Lerner told Politico
in the course of a two-hour interview released Monday that she "didn't do anything wrong" and that she's not "sorry for anything" that she did.
"Lois Lerner, who has refused to answer questions that are posed to her by the people's elected representatives ... but she's met with Politico and she's met with the Justice Department, who were supposedly criminally investigating her and she met with them but she will not meet out in the open and answer questions that the American people want to ask her," Mitchell said.
"That's pretty bizarre and unacceptable," she added.
Lerner was held in contempt
of Congress by the House in May after she refused to testify before two committee hearings.
The citation is now supposed to be handled by a U.S. attorney from the District of Columbia named Ronald Machen, who was appointed by President Barack Obama. However, it is unclear, says the Congressional Research Service, if the duty by the U.S. attorney is mandatory or discretionary.
According to Mitchell, "The House of Representatives should hire its own counsel and should file an action in district court in Washington that bypasses the Justice Department and argues to the core that as a separate branch of government, the House of Representatives should not have to wait for the executive branch to enforce its contempt citation."

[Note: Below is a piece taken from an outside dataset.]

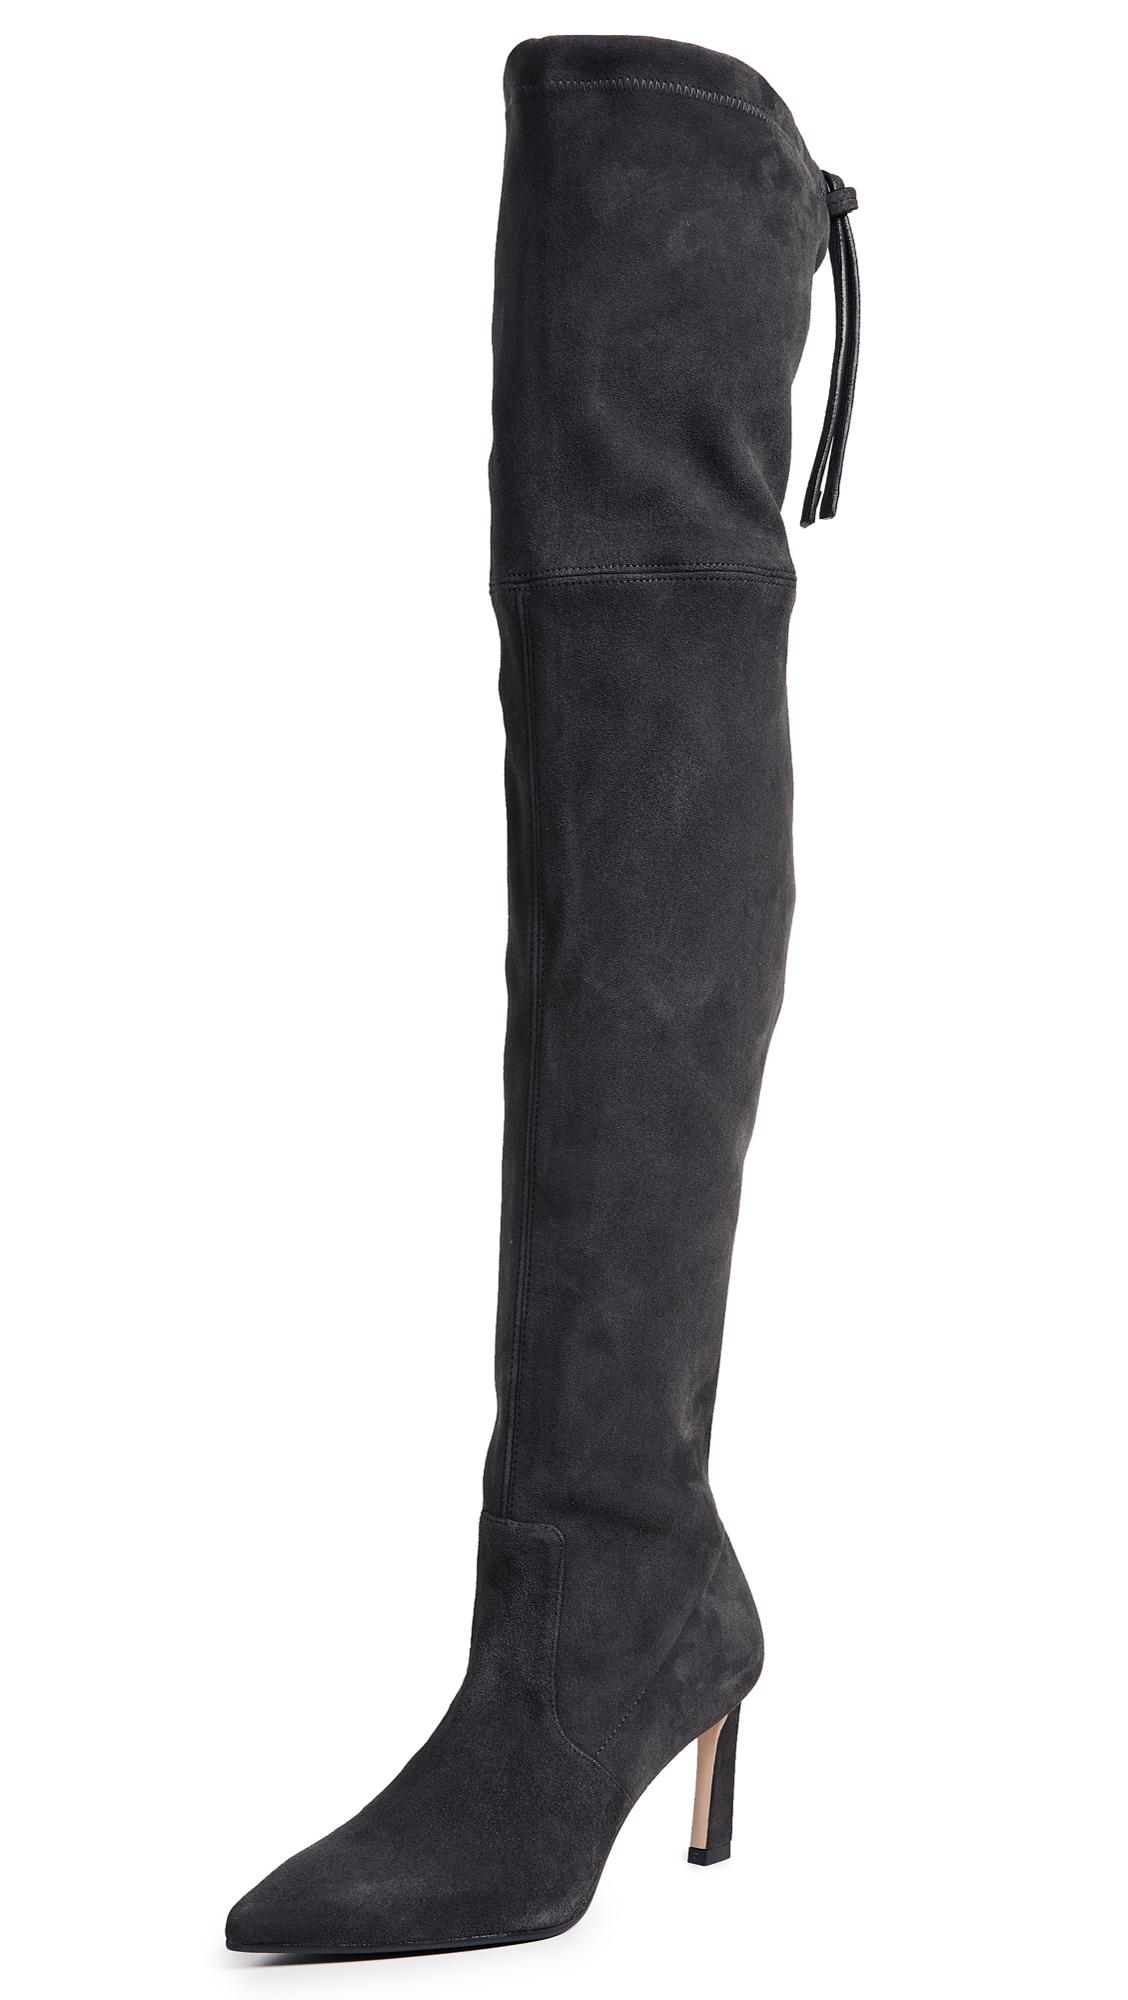 Stuart Weitzman Natalia 75mm Boots - Asphalt
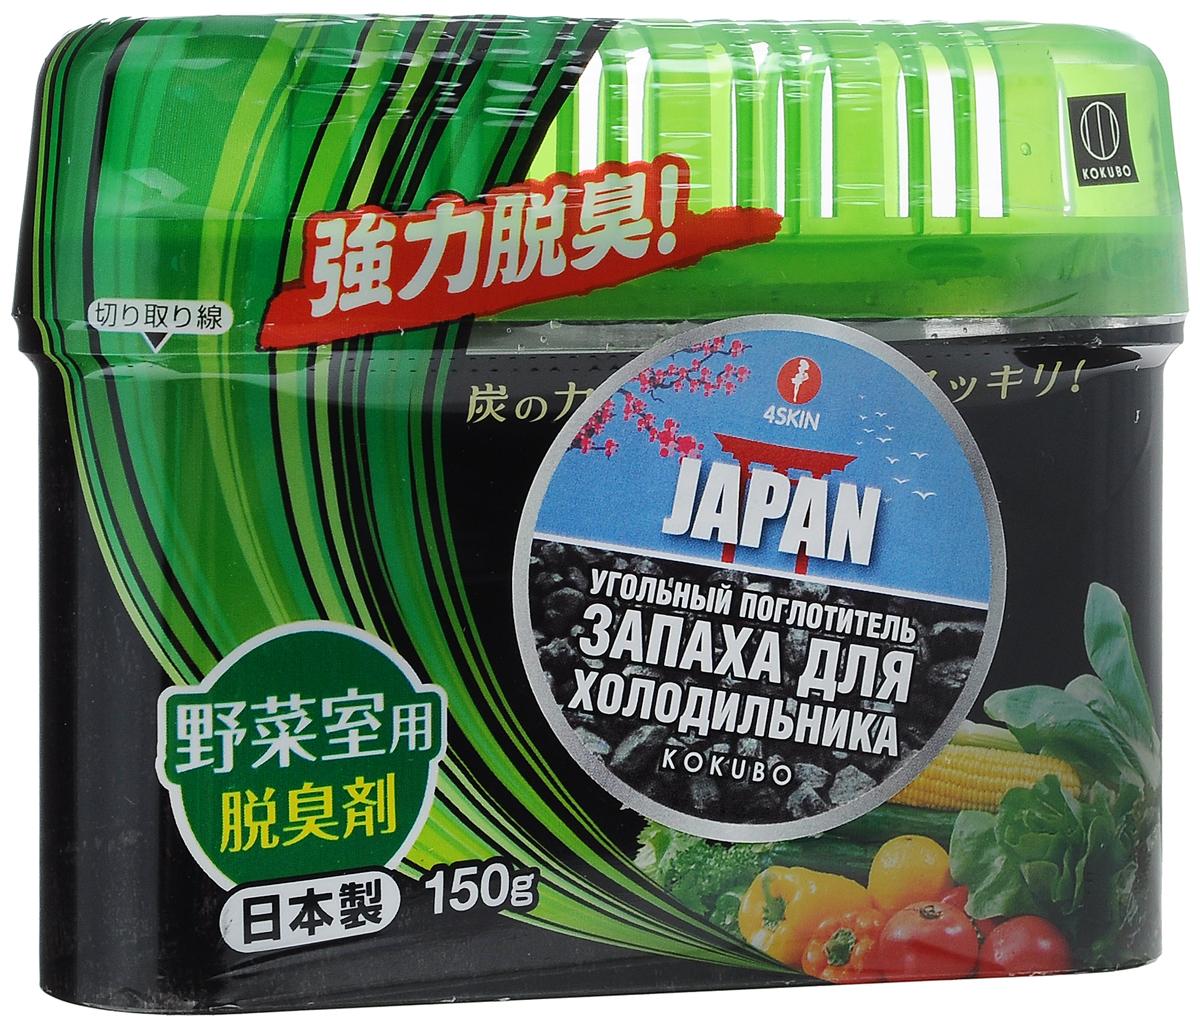 """Поглотитель запаха для холодильника KOKUBO """"Sumi-Ban"""" поглощает неприятные запахи, даже очень резкие и стойкие. Идеально подходит для использования на овощной полке холодильника. Способствует долгому сохранению свежести и вкусовых качеств продуктов в холодильнике. Содержит древесный уголь, благодаря которому обеспечивается длительный антибактериальный эффект. Продолжительность действия до 2-х месяцев при объеме холодильника до 450-ти литров.  Состав: очищенная вода, гелиевый наполнитель, древесный уголь, активированный уголь.  Вес: 150 г."""

"This contempt citation that was issued by the House ought to be enforceable by the House without having to do a 'mother-may-I' through the executive branch," she explained.
"It is a constitutional separation of powers argument that should be made, and the House should take that extraordinary step," the Washington attorney said.
"The House has its own authority and has implicit authority within the constitutional framework to enforce its own contempt citations," she added.